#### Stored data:

[Start of Attachment]

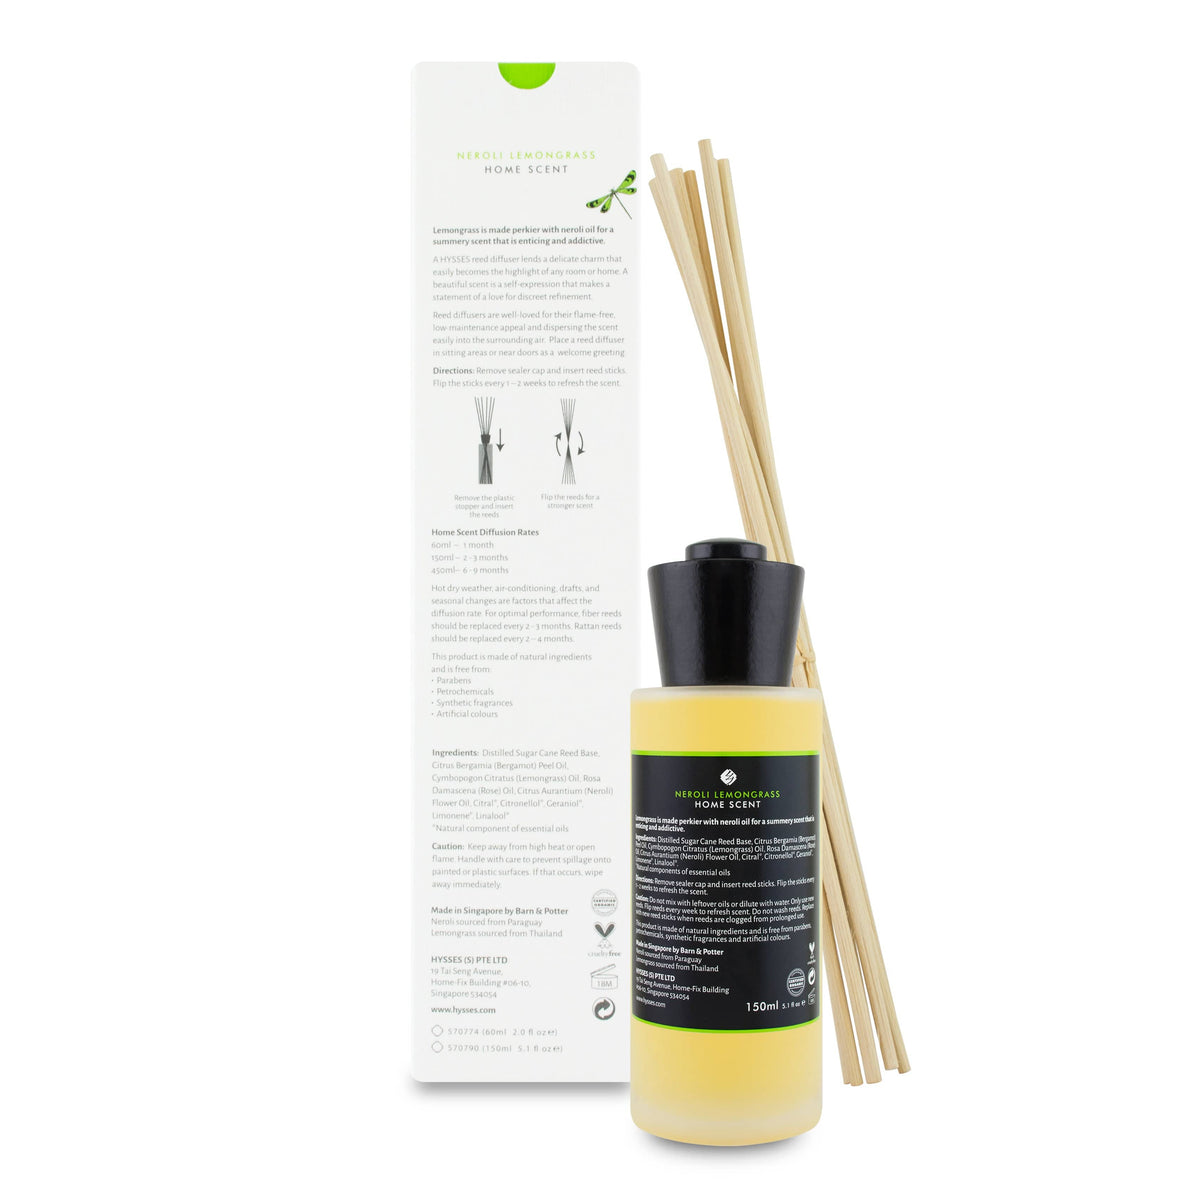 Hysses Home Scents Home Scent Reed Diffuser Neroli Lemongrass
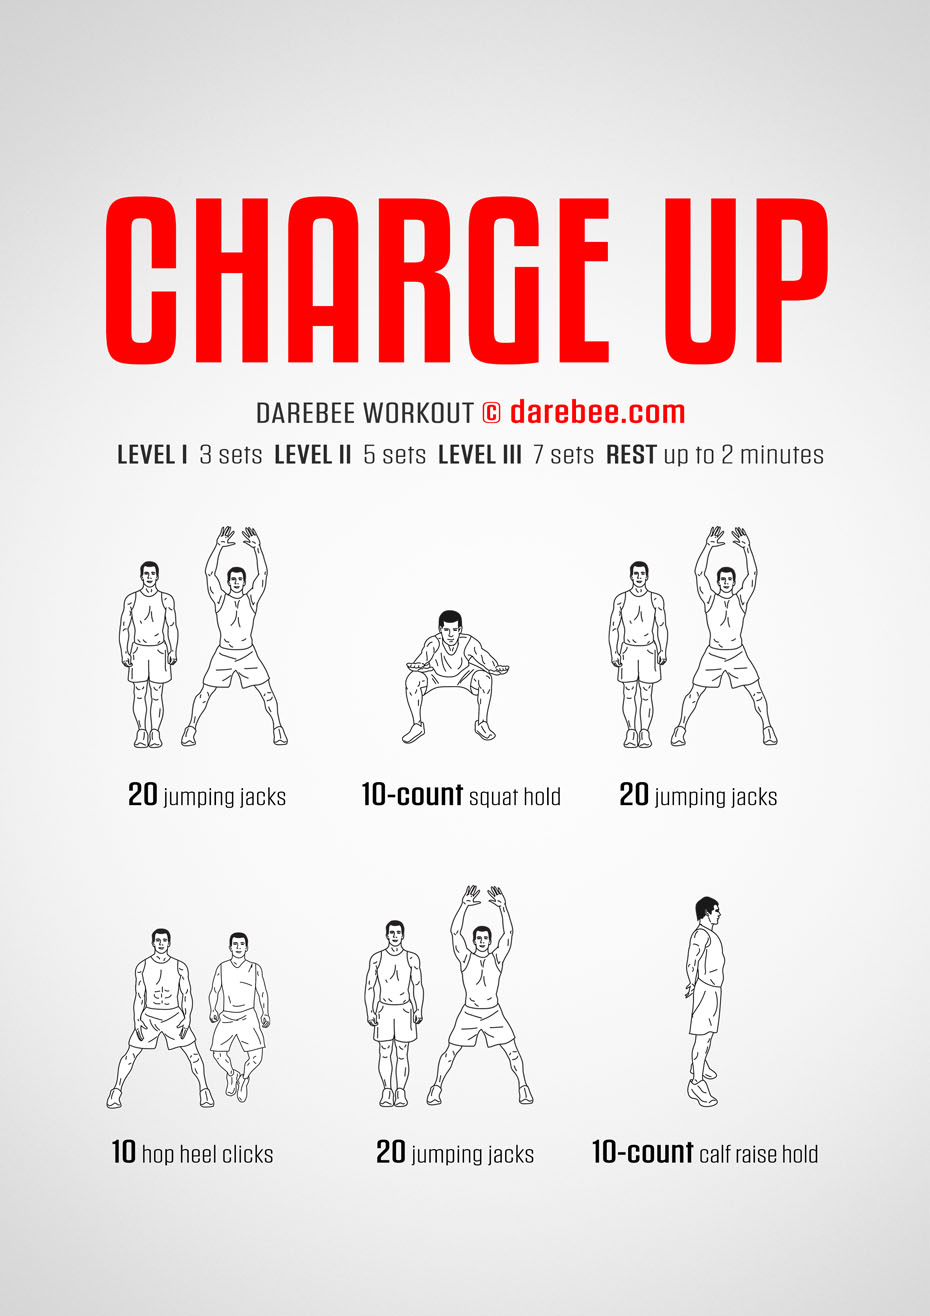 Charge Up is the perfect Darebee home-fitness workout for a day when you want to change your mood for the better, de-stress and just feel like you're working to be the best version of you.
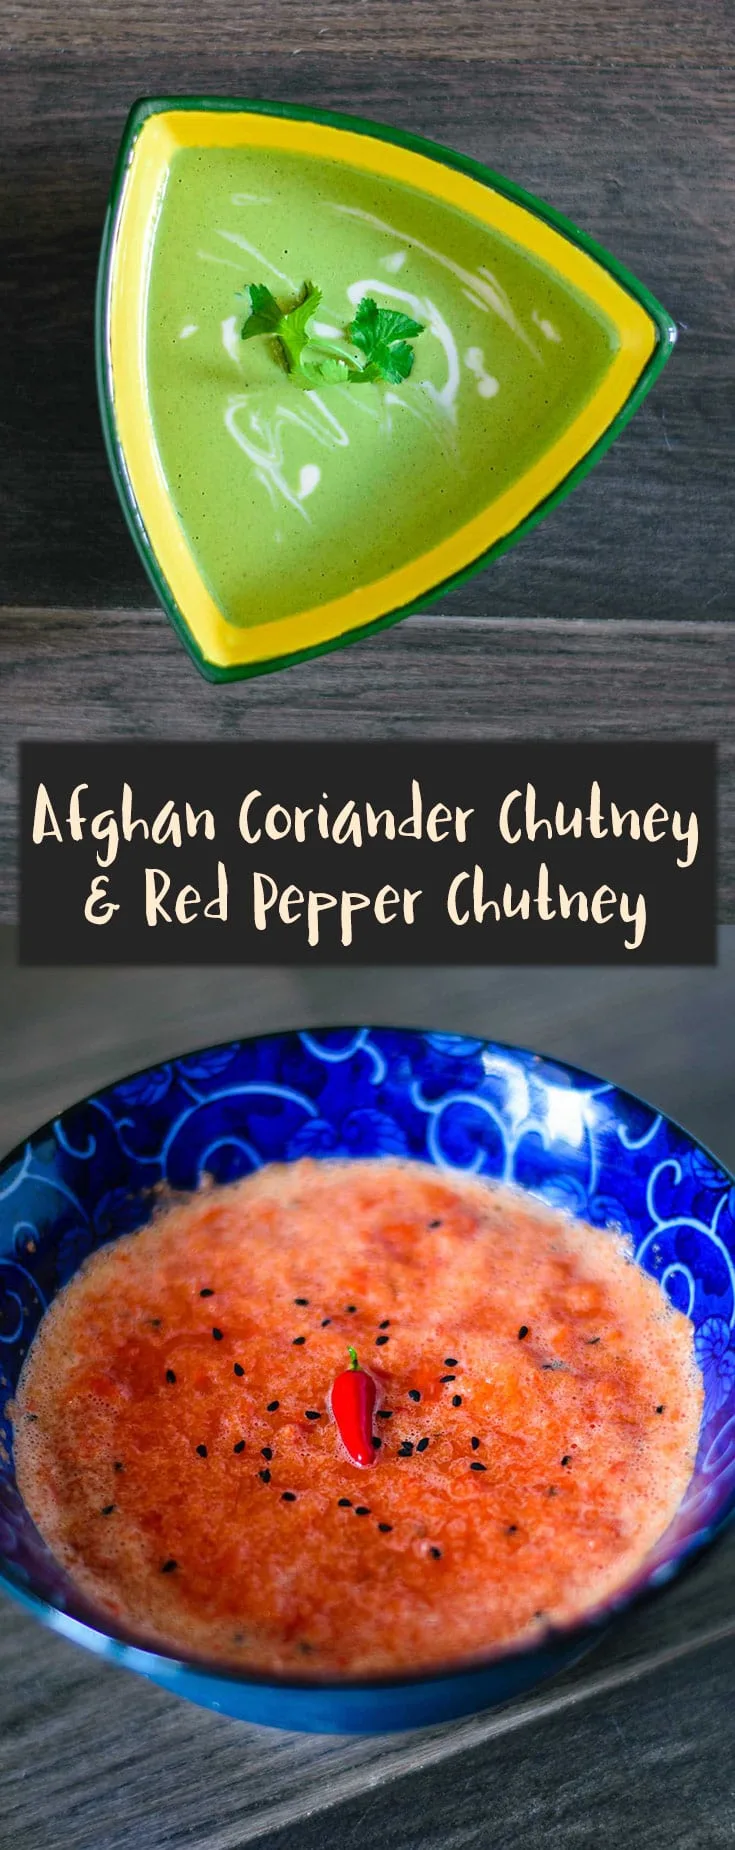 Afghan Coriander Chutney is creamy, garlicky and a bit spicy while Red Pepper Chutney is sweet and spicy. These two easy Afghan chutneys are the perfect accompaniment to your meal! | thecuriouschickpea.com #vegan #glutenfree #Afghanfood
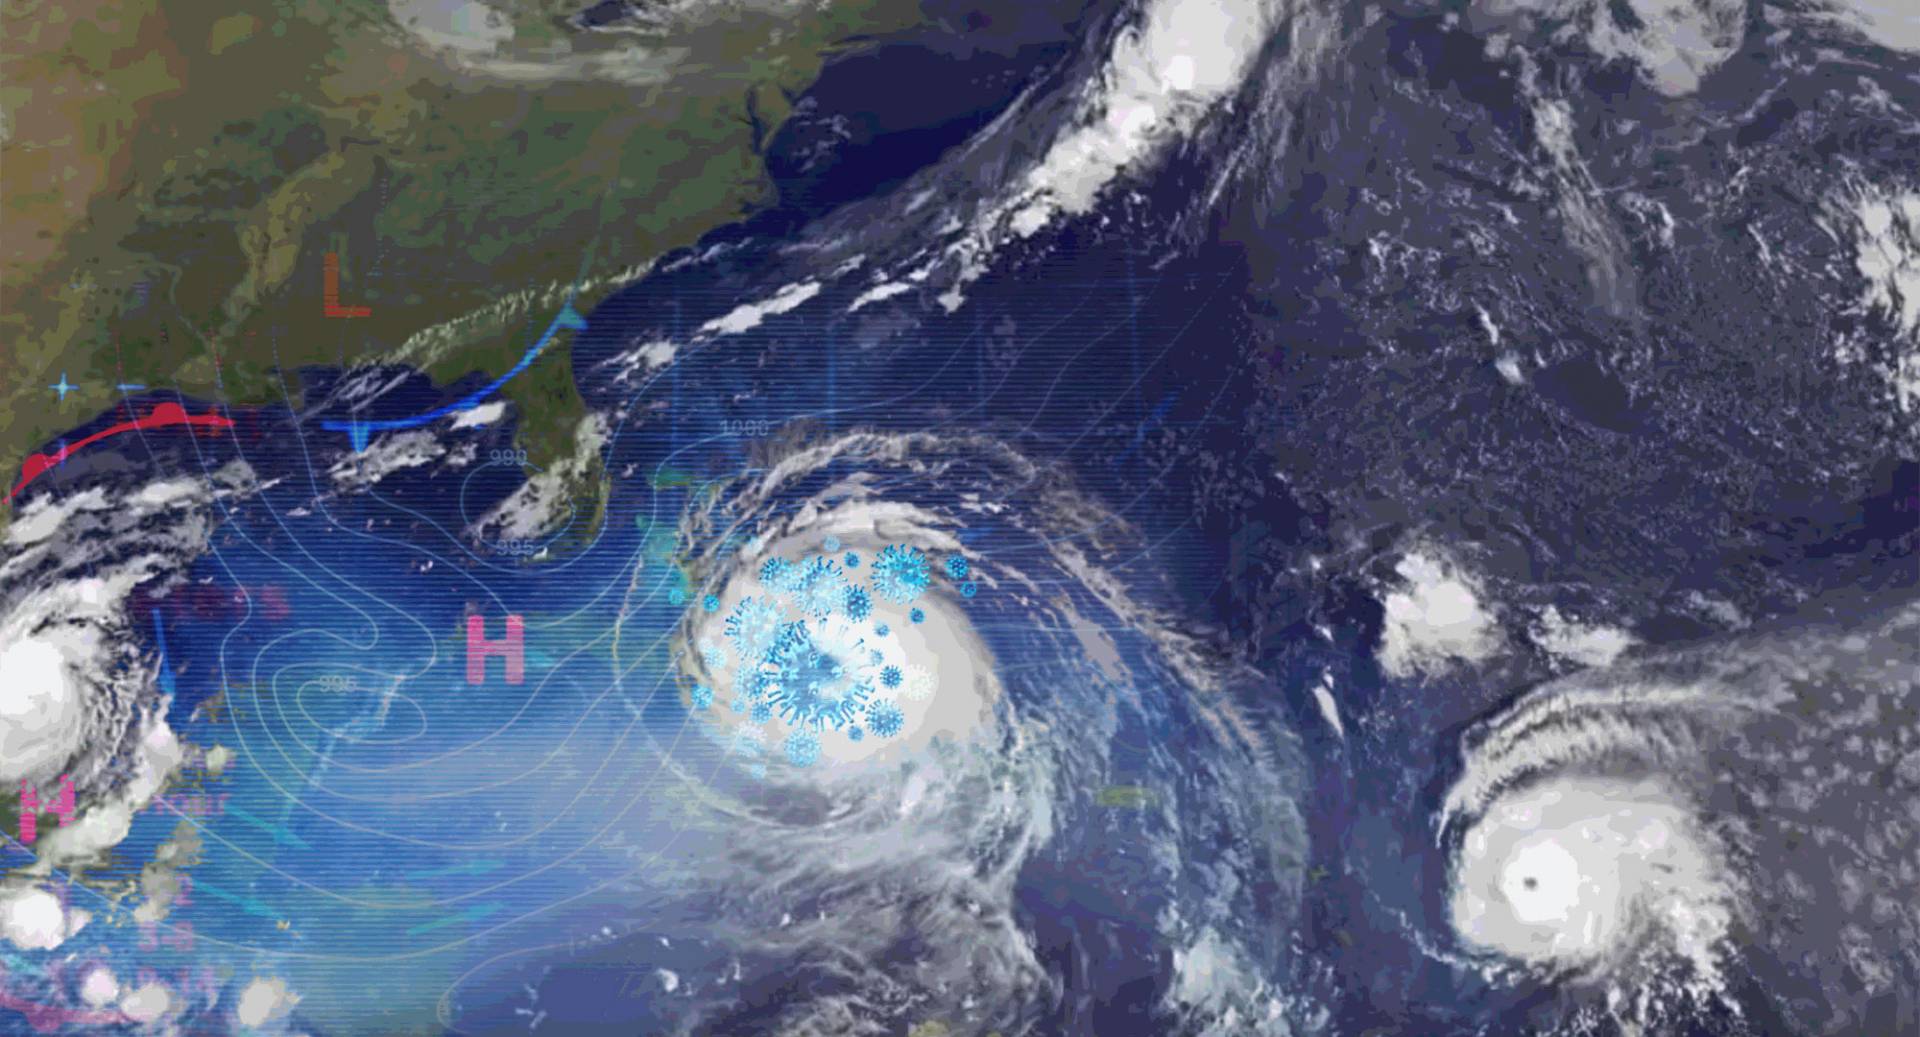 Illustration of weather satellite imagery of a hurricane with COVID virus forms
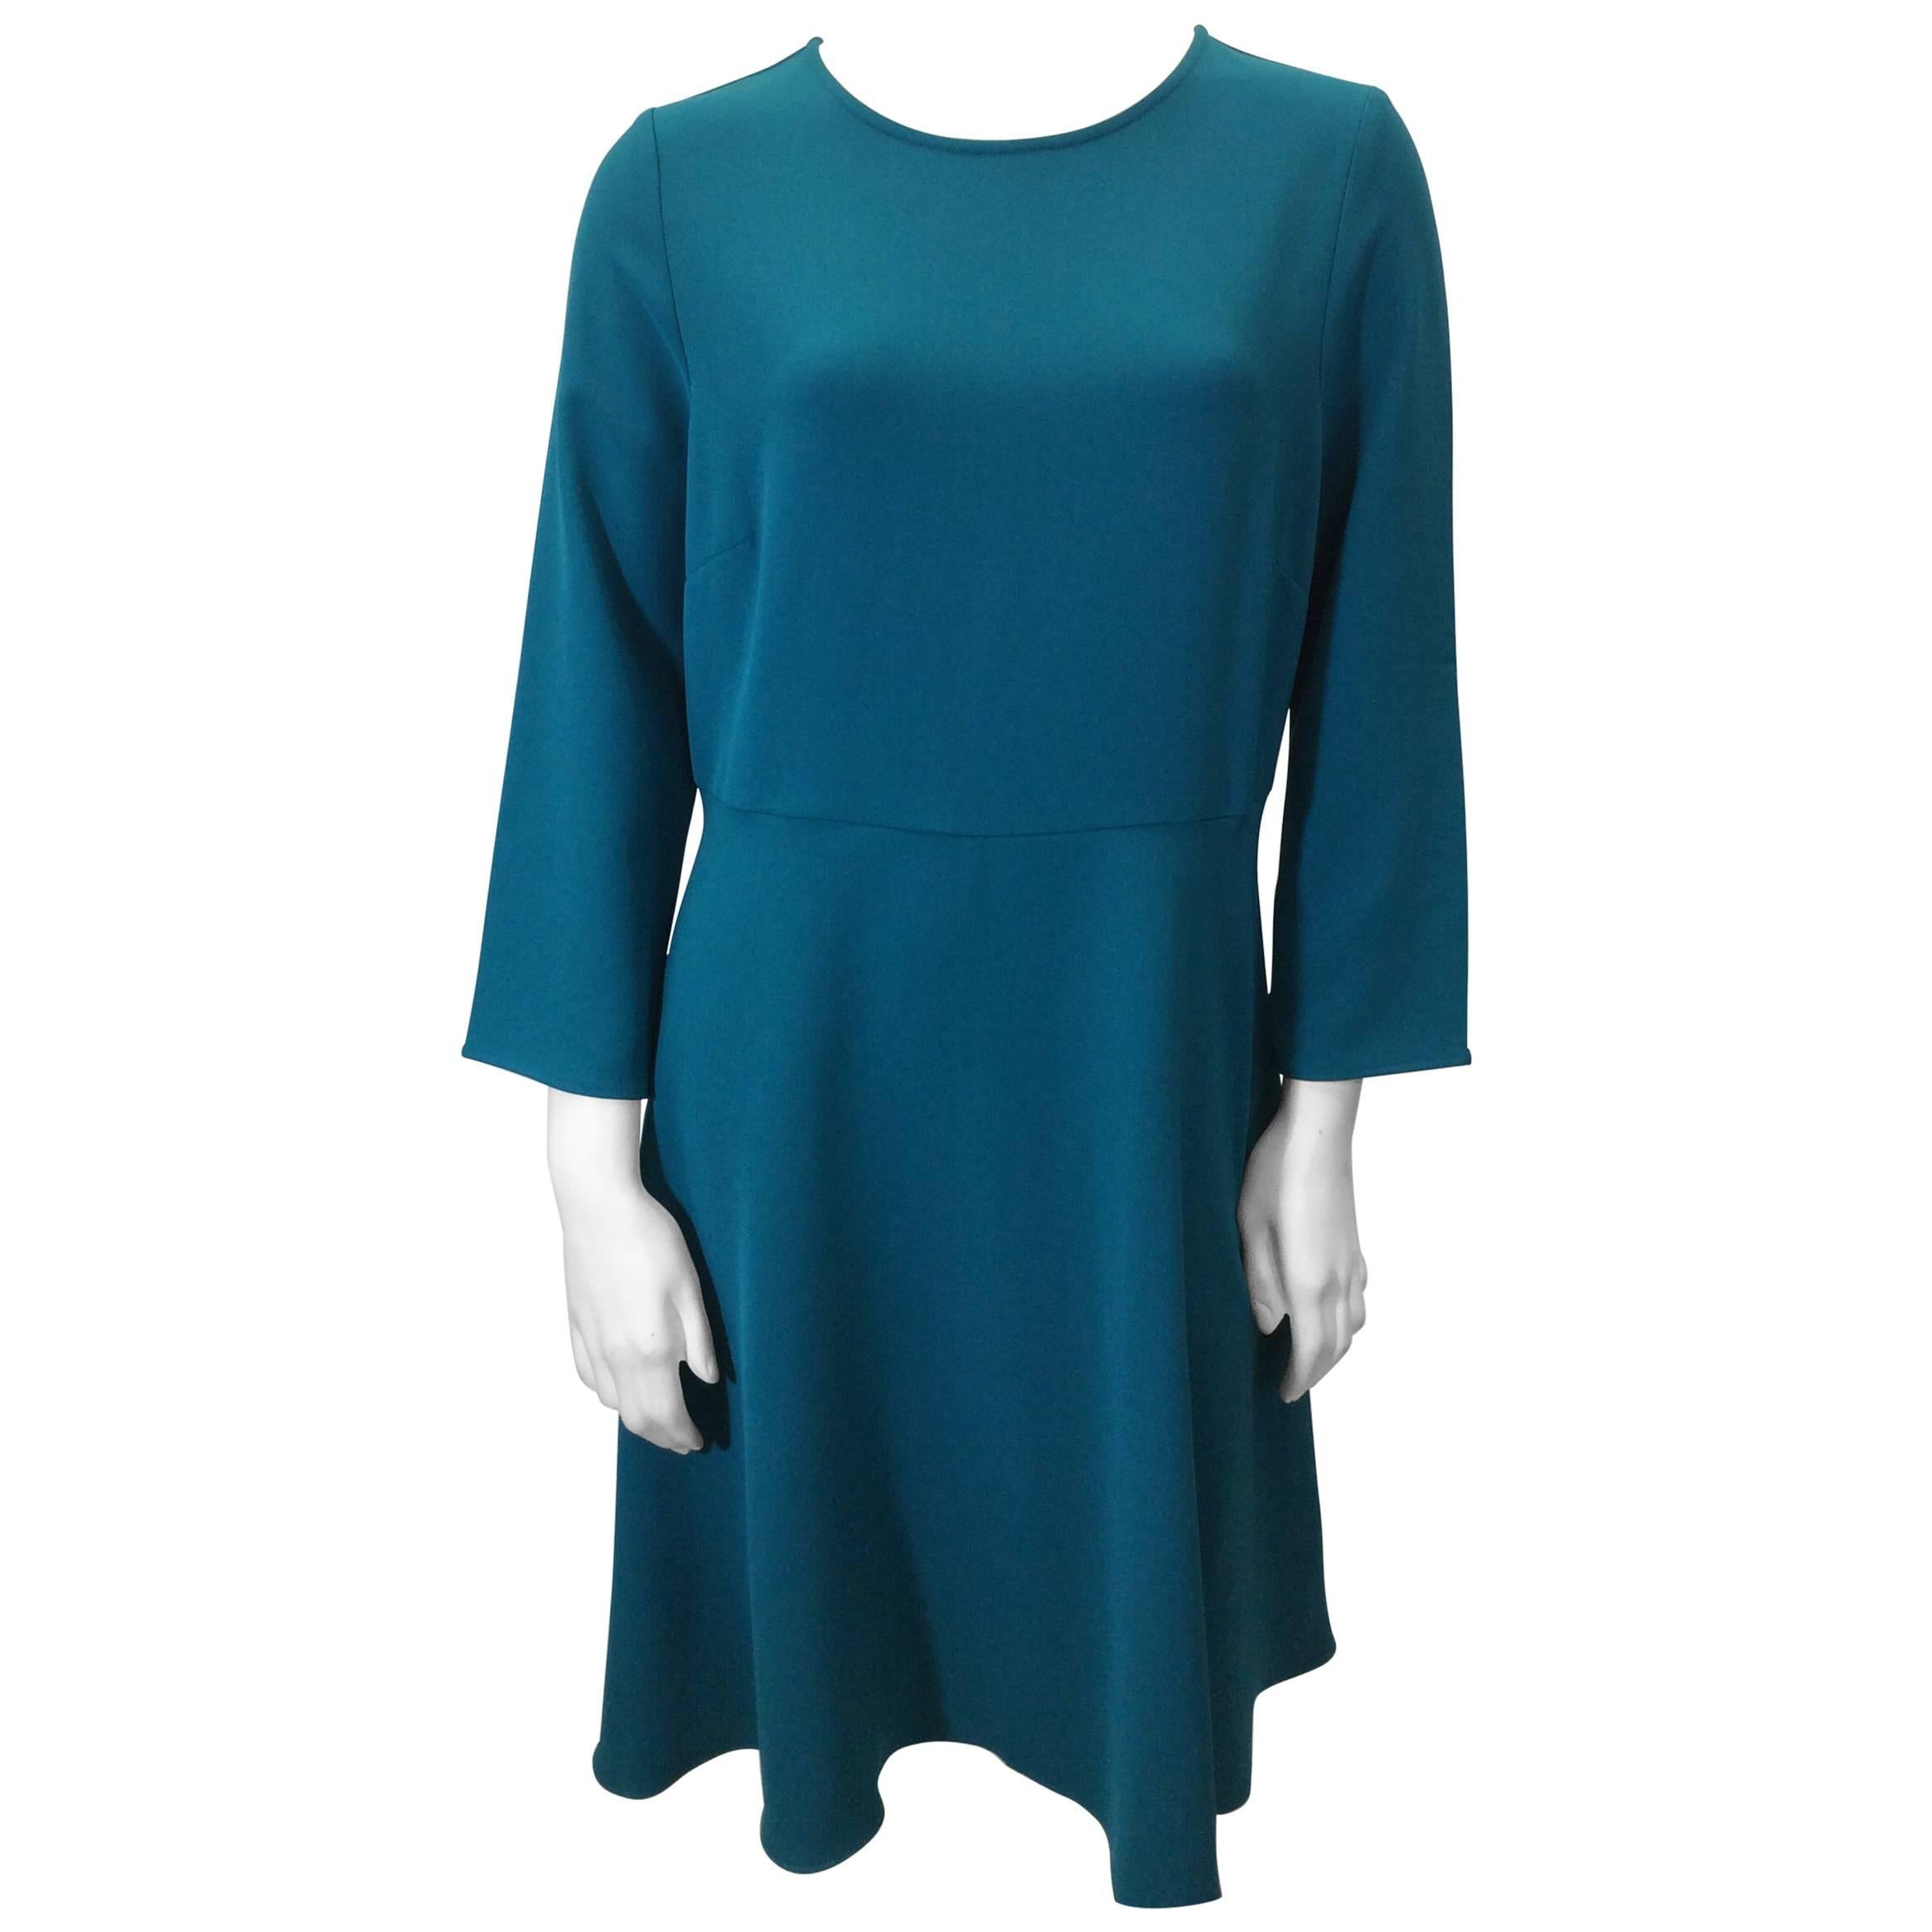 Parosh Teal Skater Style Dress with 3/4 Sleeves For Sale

[End of Attachment]

#### What to do:
Each record above is to be returned unchanged, while any picture it holds stays out.

#### Response for this exercise:
 Hysses Home Scents Home Scent Reed Diffuser Neroli Lemongrass
 Charge Up is the perfect Darebee home-fitness workout for a day when you want to change your mood for the better, de-stress and just feel like you're working to be the best version of you.
 Afghan Coriander Chutney is creamy, garlicky and a bit spicy while Red Pepper Chutney is sweet and spicy. These two easy Afghan chutneys are the perfect accompaniment to your meal! | thecuriouschickpea.com #vegan #glutenfree #Afghanfood
 Illustration of weather satellite imagery of a hurricane with COVID virus forms
 Parosh Teal Skater Style Dress with 3/4 Sleeves For Sale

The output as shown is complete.